→ **STUDY MATERIAL**
--- START ---
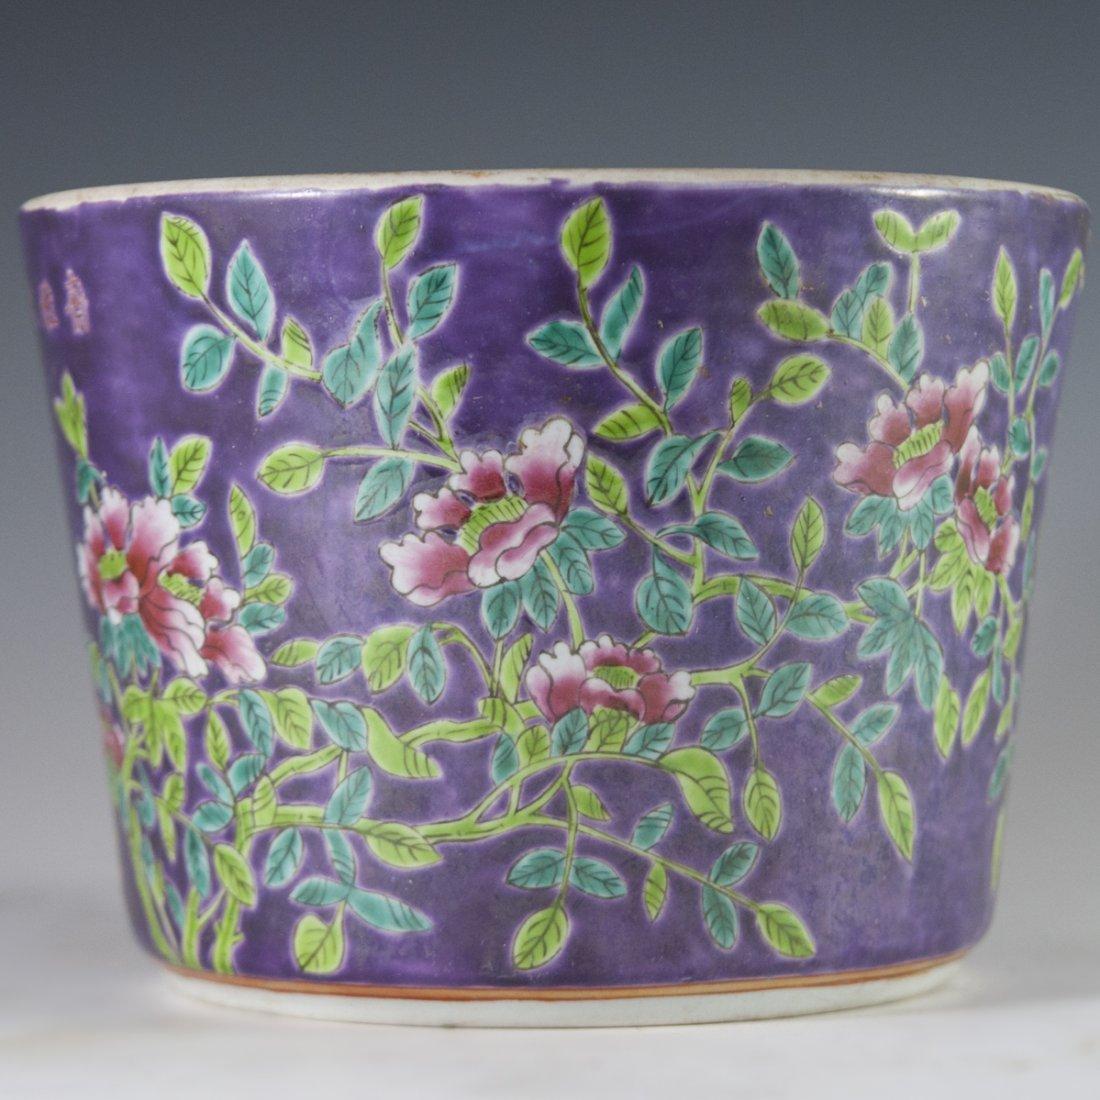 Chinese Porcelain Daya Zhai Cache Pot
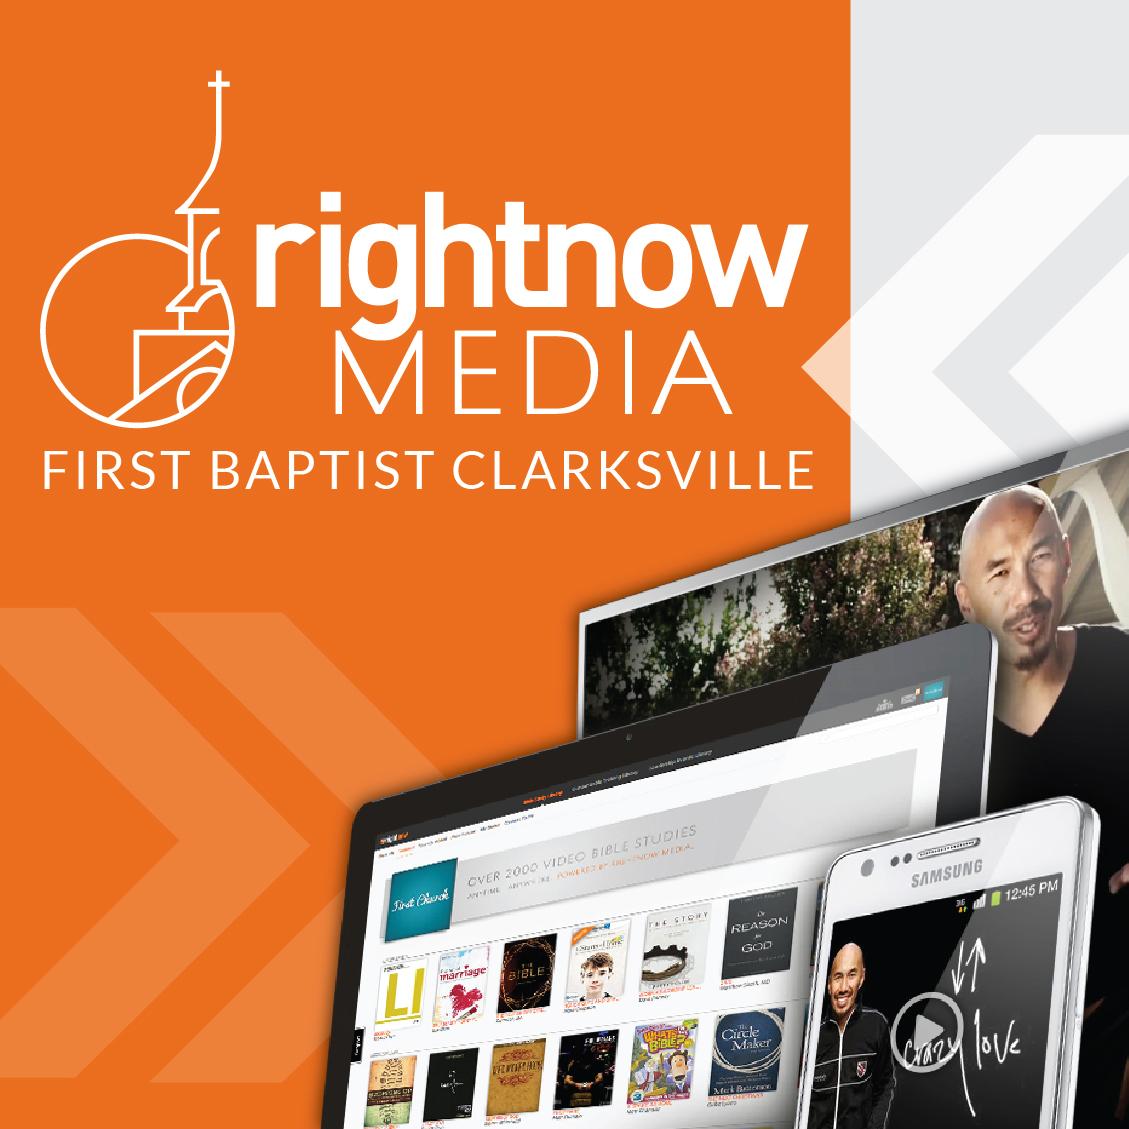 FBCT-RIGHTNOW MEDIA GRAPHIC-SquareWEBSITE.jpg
--- END ---
--- START ---
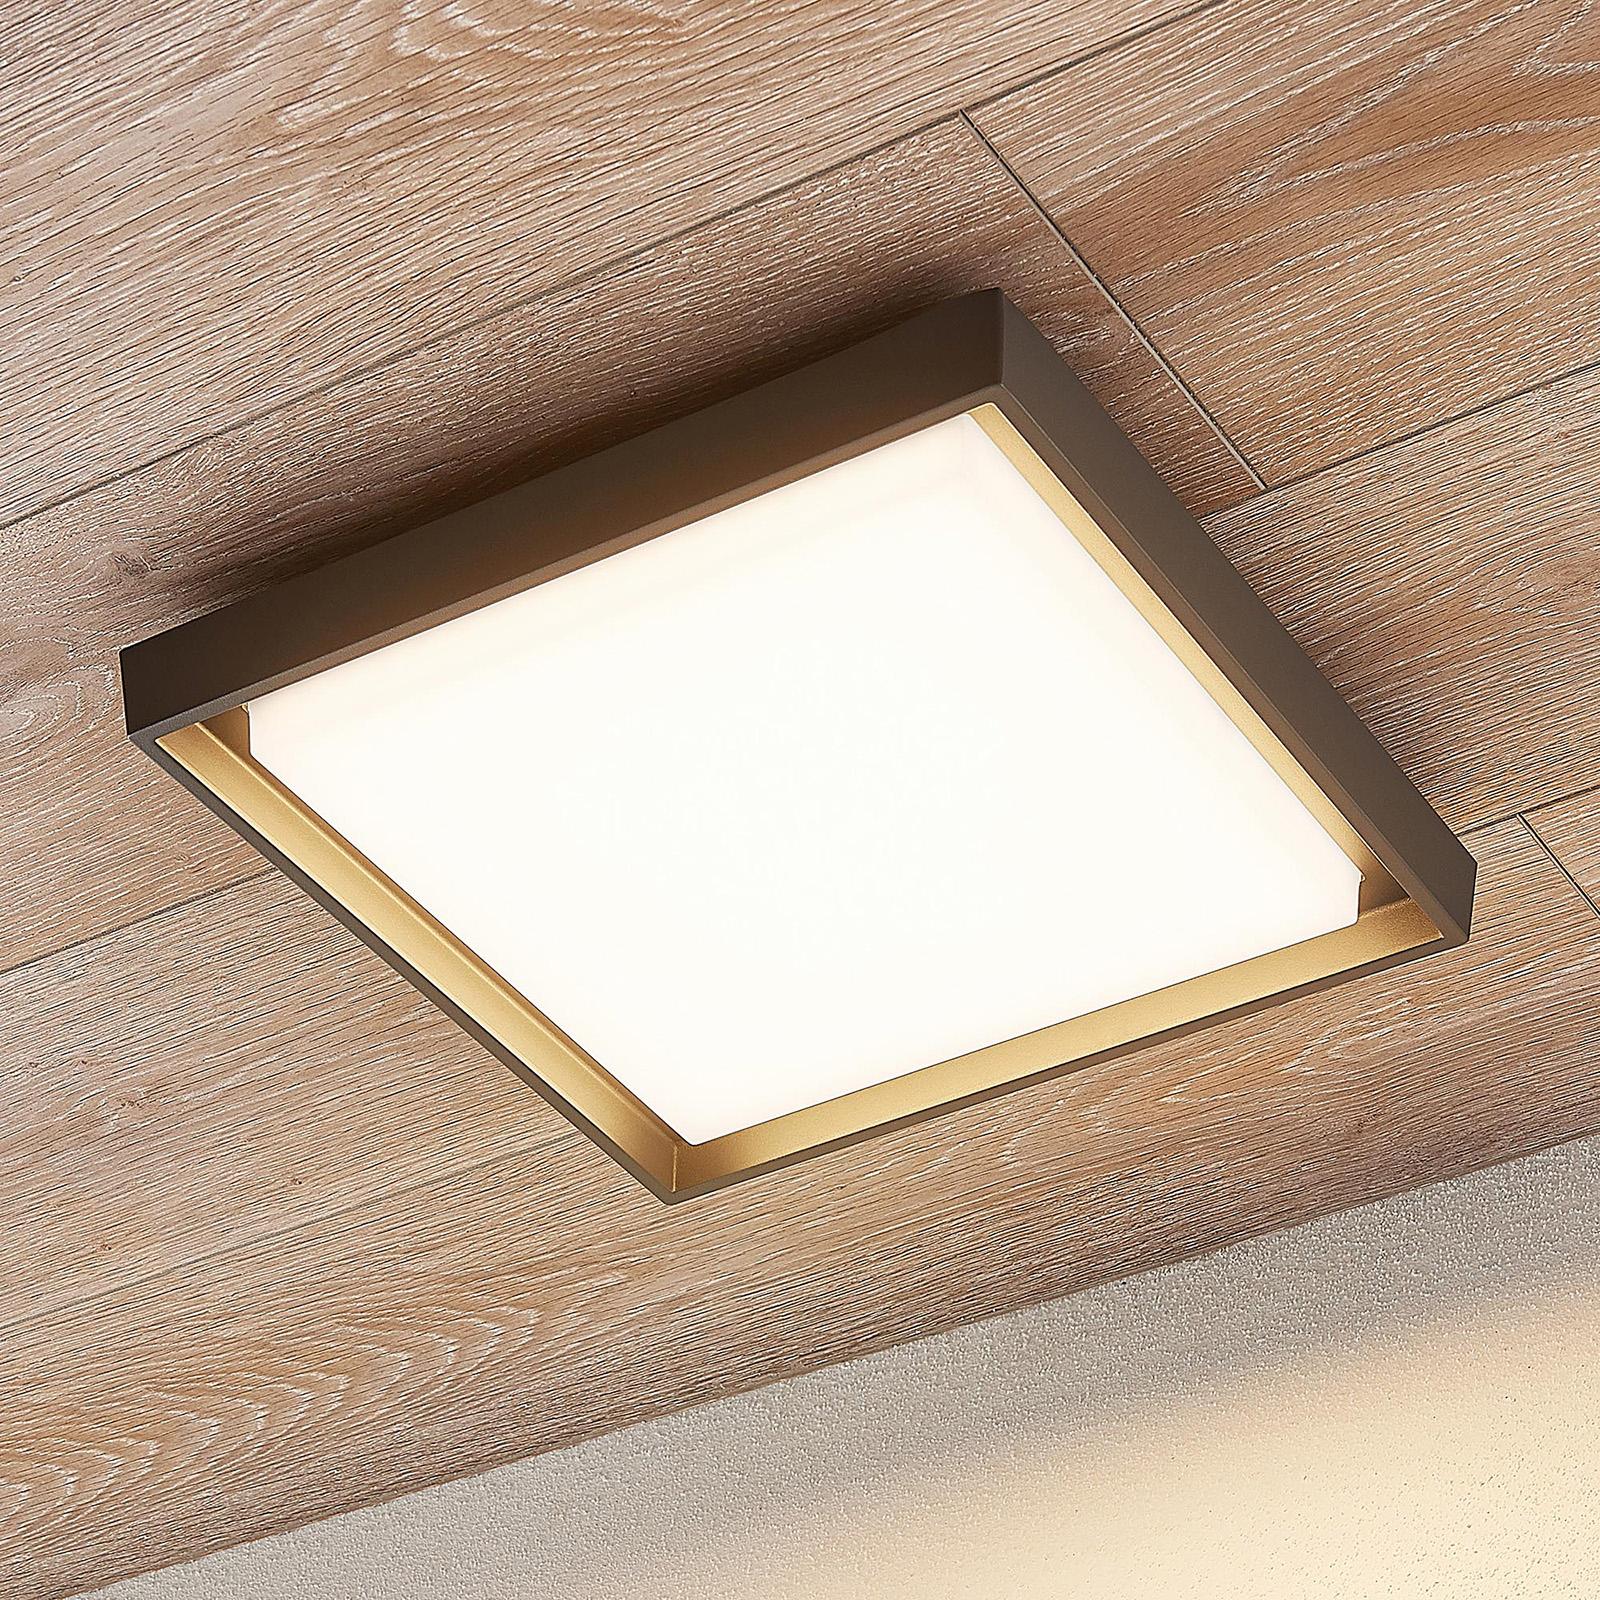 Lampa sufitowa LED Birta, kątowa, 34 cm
--- END ---
→ **PROBLEM STATEMENT**
Here the job is to copy the listing above word for word, starting at the line with "Chinese Porcelain Daya Zhai Cache Pot" and ending at the line with "FBCT-RIGHTNOW MEDIA GRAPHIC-SquareWEBSITE.jpg", and to leave out the pictures.

→ **OUTPUT OF THE TASK**
 Chinese Porcelain Daya Zhai Cache Pot
 FBCT-RIGHTNOW MEDIA GRAPHIC-SquareWEBSITE.jpg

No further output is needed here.